CUDA-1.1

Use CUDA after host program initiation and before host program termination

Required inputs: IR

CUDA 1.1 [device-dependent] Use CUDA after host program initiation and before host program termination

Perform the following operations only after host program initiation and before host program termination (not before or after main):

  • Call device-dependent CUDA runtime or driver interfaces.
  • Launch CUDA kernels.
  • ODR-use a managed storage duration object (e.g. __managed__, CUDA C++ only).
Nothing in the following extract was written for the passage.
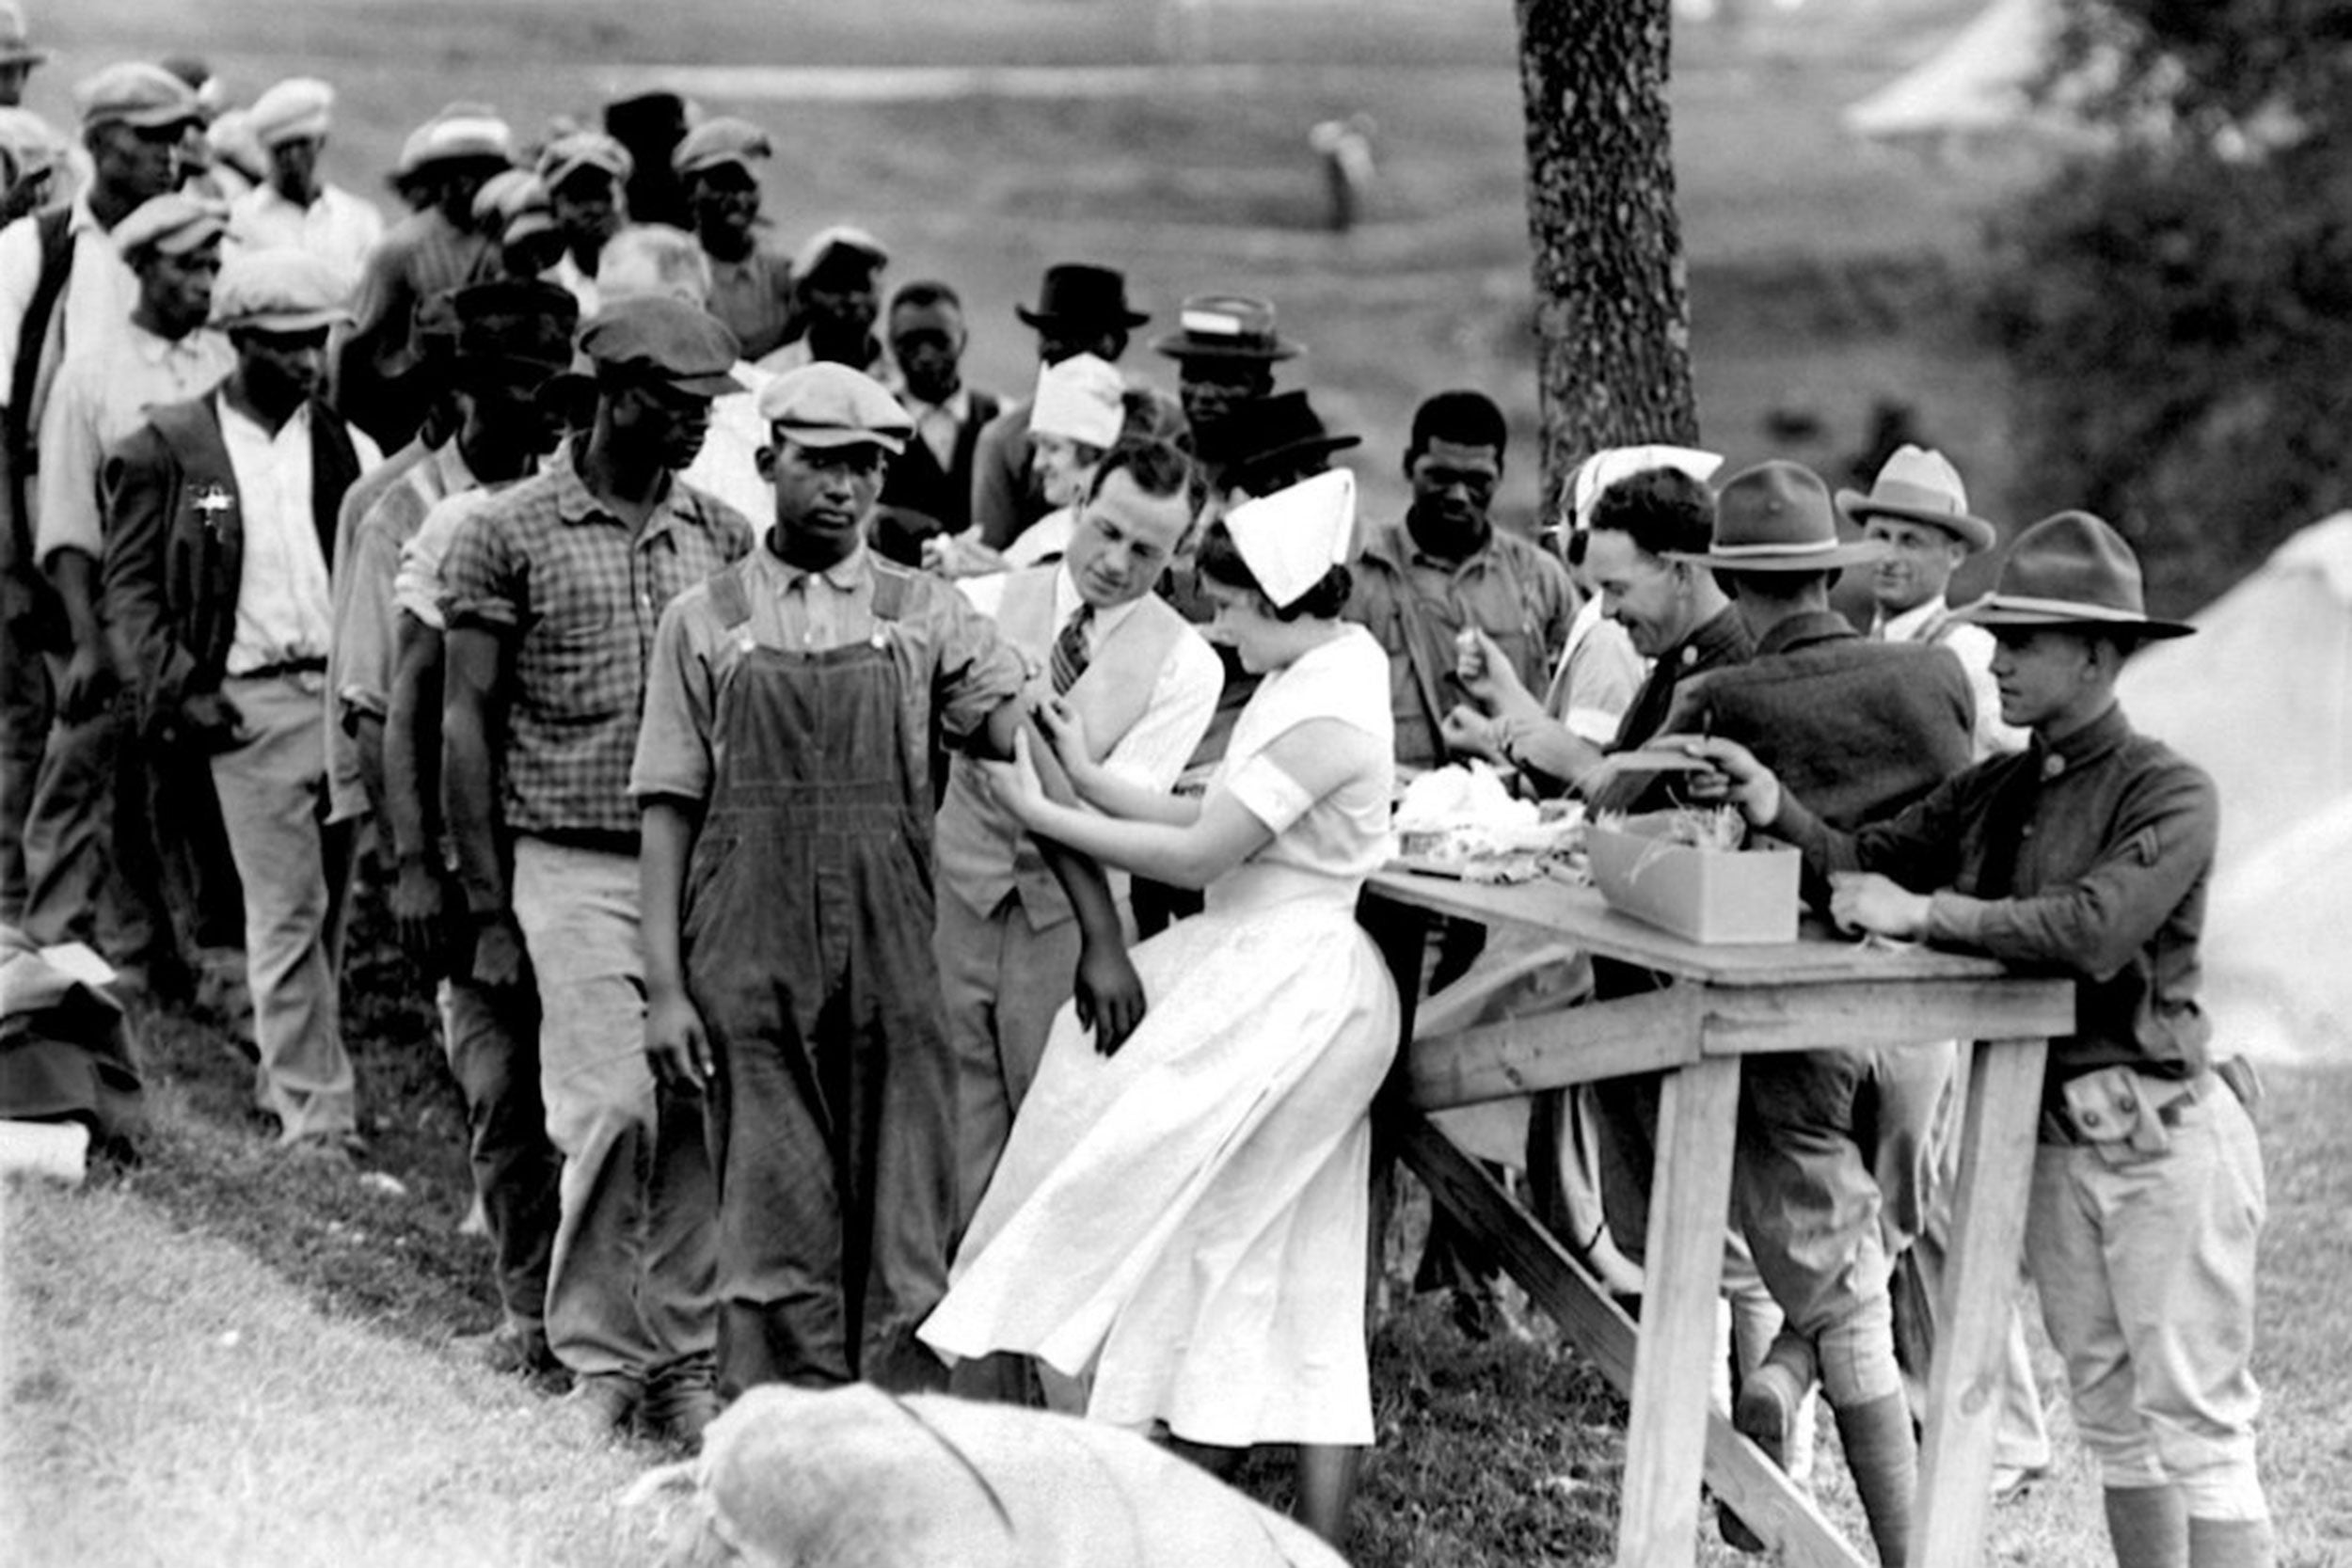 A photo from the Tuskegee Study.

Most CUDA runtime and driver interfaces are device-dependent, with some exceptions such as:

  • cudaGetErrorString and cudaGetErrorName.
  • cuGetErrorString and cuGetErrorName.
  • cuDriverGetVersion.
Scope: Host.
Audience: CUDA C++, CUDA Libraries.
Category: Mandatory.
Hardware Applicability: All Compute Capabilities.
Rationale

Most CUDA runtime and driver interfaces are dependent on the existence of valid internal device state, which is lazily initialized during host program initiation and destroyed during host program termination. The CUDA runtime and driver cannot detect if this device state is invalid, so using any of these interfaces (implicitly or explicitly) during program initiation or termination will result in undefined behavior. This means that most uses of the CUDA runtime or driver in the global constructors or destructors of C++ classes in the host program is undefined behavior.

Example 1 (Bad)
# include <cstdio>
# include <cassert>
# include <cuda.h>

__global__ void hello_world() {
  printf("hello world\n");
}

struct launch_hello_world {
  __host__ launch_hello_world() {
    hello_world<<<1, 1>>>();
    cudaError_t const error0 = cudaGetLastError();
    assert(cudaSuccess == error0);
  }
  __host__ ~launch_hello_world() {
    hello_world<<<1, 1>>>();
    cudaError_t const error0 = cudaGetLastError();
    assert(cudaSuccess == error0);
  }
};
// This object's constructor is run during program initiation and attempts to
// launch a kernel, which is invalid. Likewise, the object's destructor is run
// during program termination and attempts to launch a kernel, which is invalid.
launch_hello_world launcher;

int main() {}
Example 2 (Bad)
# include <cassert>
# include <cuda.h>

struct device_storage {
  char* ptr;
  __host__ device_storage(int64_t bytes) {
    cudaError_t const error = cudaMalloc(&ptr, bytes);
    assert(cudaSuccess == error);
  }
  __host__ ~device_storage() {
    cudaError_t const error = cudaFree(ptr);
    assert(cudaSuccess == error);
  }
};
// This object's constructor is run during program initiation and attempts to
// call an initialization-dependent CUDA runtime function, which is invalid.
// Likewise, the object's destructor is run during program termination and
// attempts to call an initialization-dependent CUDA runtime function, which is
// invalid.
device_storage scratch(128);

int main() {}
Example 3 (Bad)
__managed__ int32_t global_object_count = 0;

struct A {
  __host__ A() {
    ++global_object_count;
  }
  __host__ ~A() {
    --global_object_count;
  }
};
// This object's constructor is run during program initiation and attempts to
// increment a `__managed__` object, which is invalid. Likewise, the object's
// destructor is run during program termination and attempts to decrement a
// `__managed__` object, which is invalid.
A a;

int main() {}
Excerpt from NVIDIA CUDA C++ Guidelines for robust and safety-critical programming, Version 3.0.1, Copyright (C) 2018-2023 NVIDIA Corporation.

Possible Messages

Key

Text

Severity

Disabled

cuda_api_outside_main

Calling a device-dependent CUDA runtime or driver interface in initialization or finalization

None

False

cuda_managed_outside_main

CUDA managed object odr-used in initialization or finalization

None

False

kernel_launch_outside_main

CUDA kernel launch in initialization or finalization

None

False

Options

allowed_cuda_functions

allowed_cuda_functions

Type: set[bauhaus.analysis.config.QualifiedName]

Default: {'cuDriverGetVersion', 'cuGetErrorName', 'cuGetErrorString', 'cudaGetErrorName', 'cudaGetErrorString'}

Names of functions in the CUDA API which can be called during global initialization and finalization.
 

report_at_call

report_at_call : bool = False

If set to True, the error is reported at the call-sites of routines using CUDA (e.g., at the global variables where some constructor/destructor is called) rather than at the use itself.